>>>>

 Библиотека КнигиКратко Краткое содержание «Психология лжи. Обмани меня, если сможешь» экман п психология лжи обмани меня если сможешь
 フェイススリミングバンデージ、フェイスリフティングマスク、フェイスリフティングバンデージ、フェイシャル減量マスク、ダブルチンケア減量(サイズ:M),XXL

<<<<
>>>>

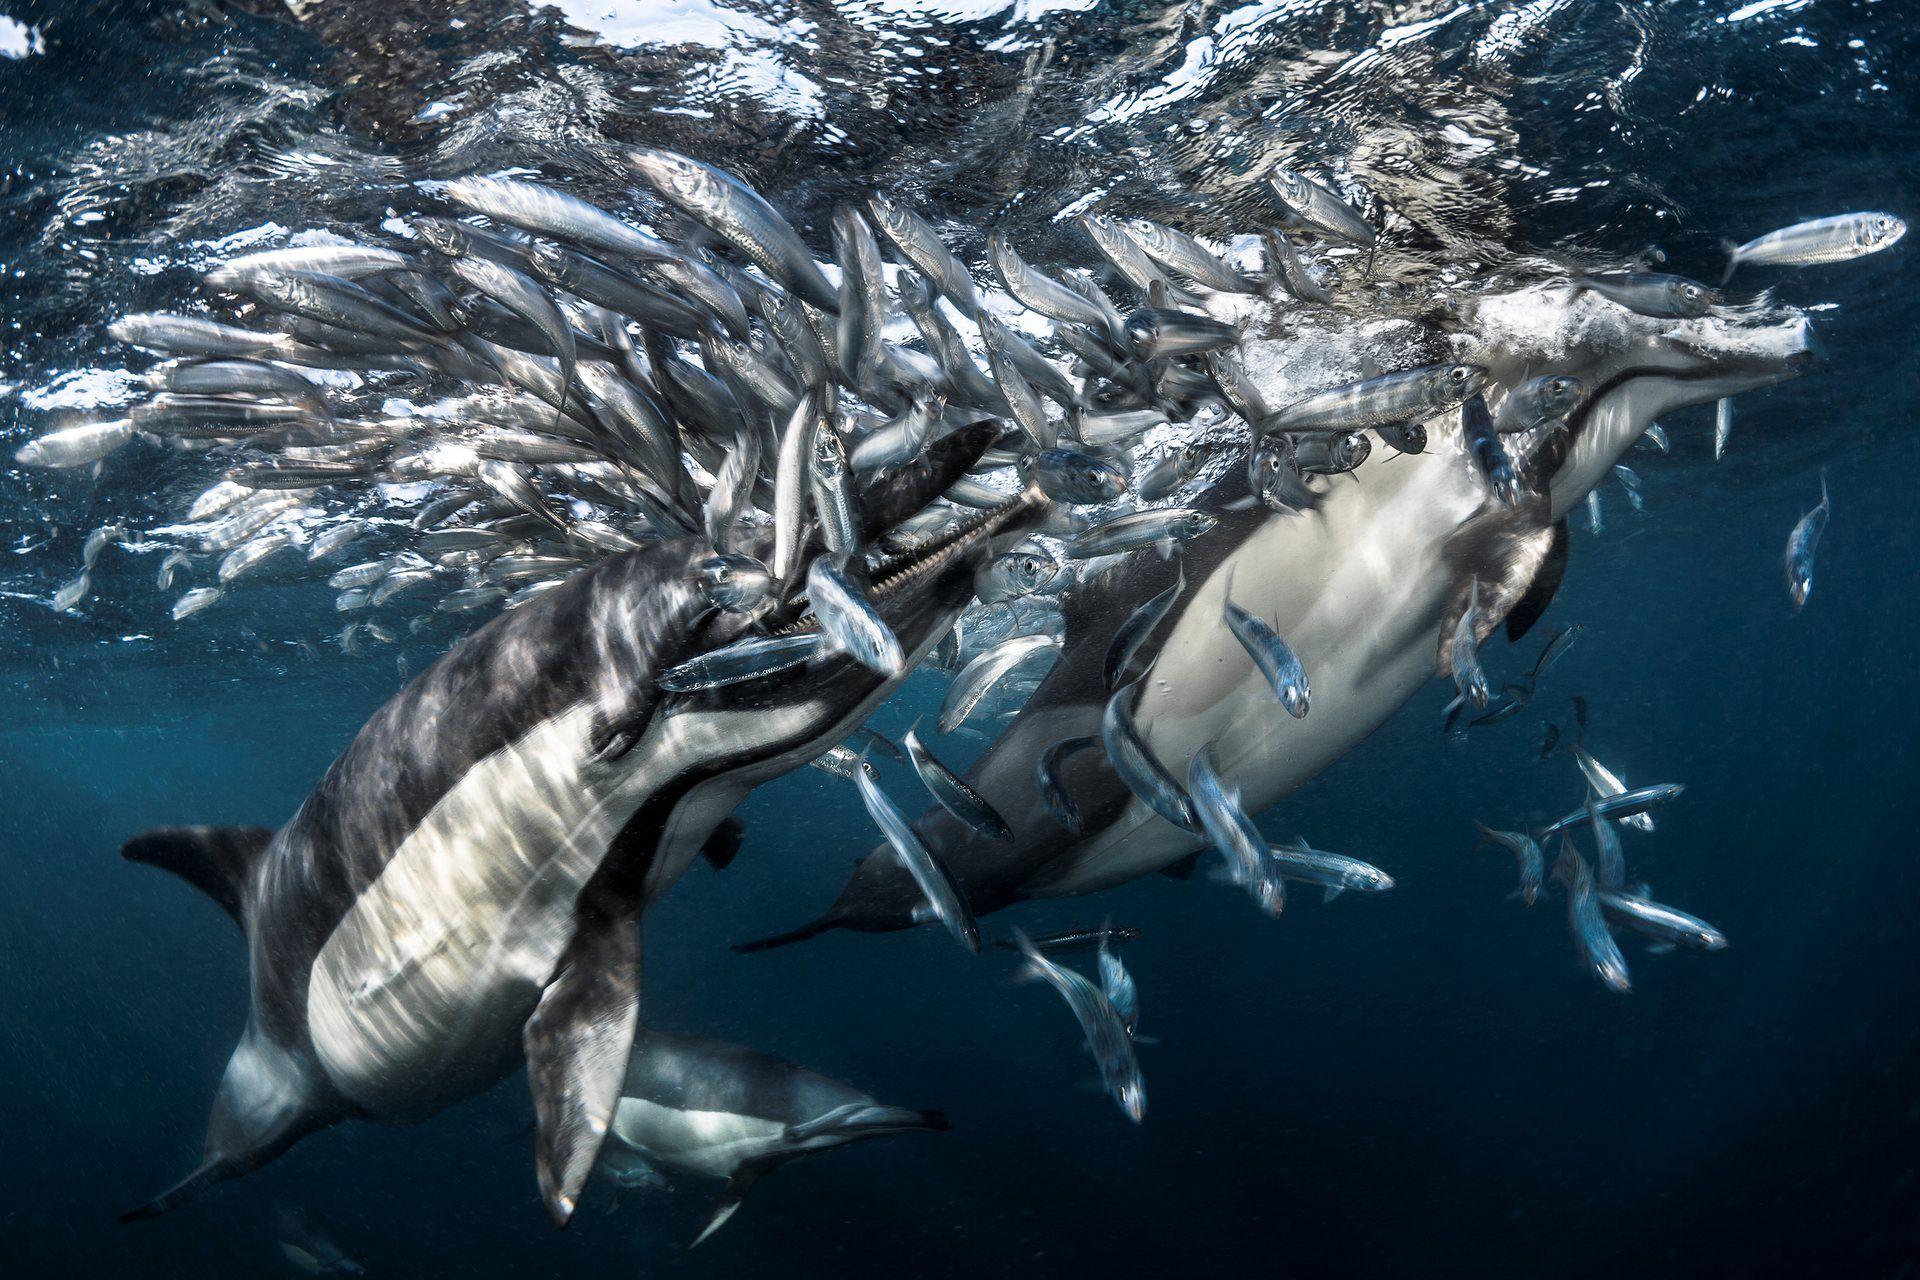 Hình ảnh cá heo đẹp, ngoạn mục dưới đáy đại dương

<<<<

• GOAL OF THE EXERCISE: Looking at the data above, return every line from the one with "Библиотека КнигиКратко Краткое" down to the one with "フェイススリミングバンデージ", exactly and inclusively.

• SOLUTION TO THE PROBLEM:
 Библиотека КнигиКратко Краткое содержание «Психология лжи. Обмани меня, если сможешь» экман п психология лжи обмани меня если сможешь
 フェイススリミングバンデージ、フェイスリフティングマスク、フェイスリフティングバンデージ、フェイシャル減量マスク、ダブルチンケア減量(サイズ:M),XXL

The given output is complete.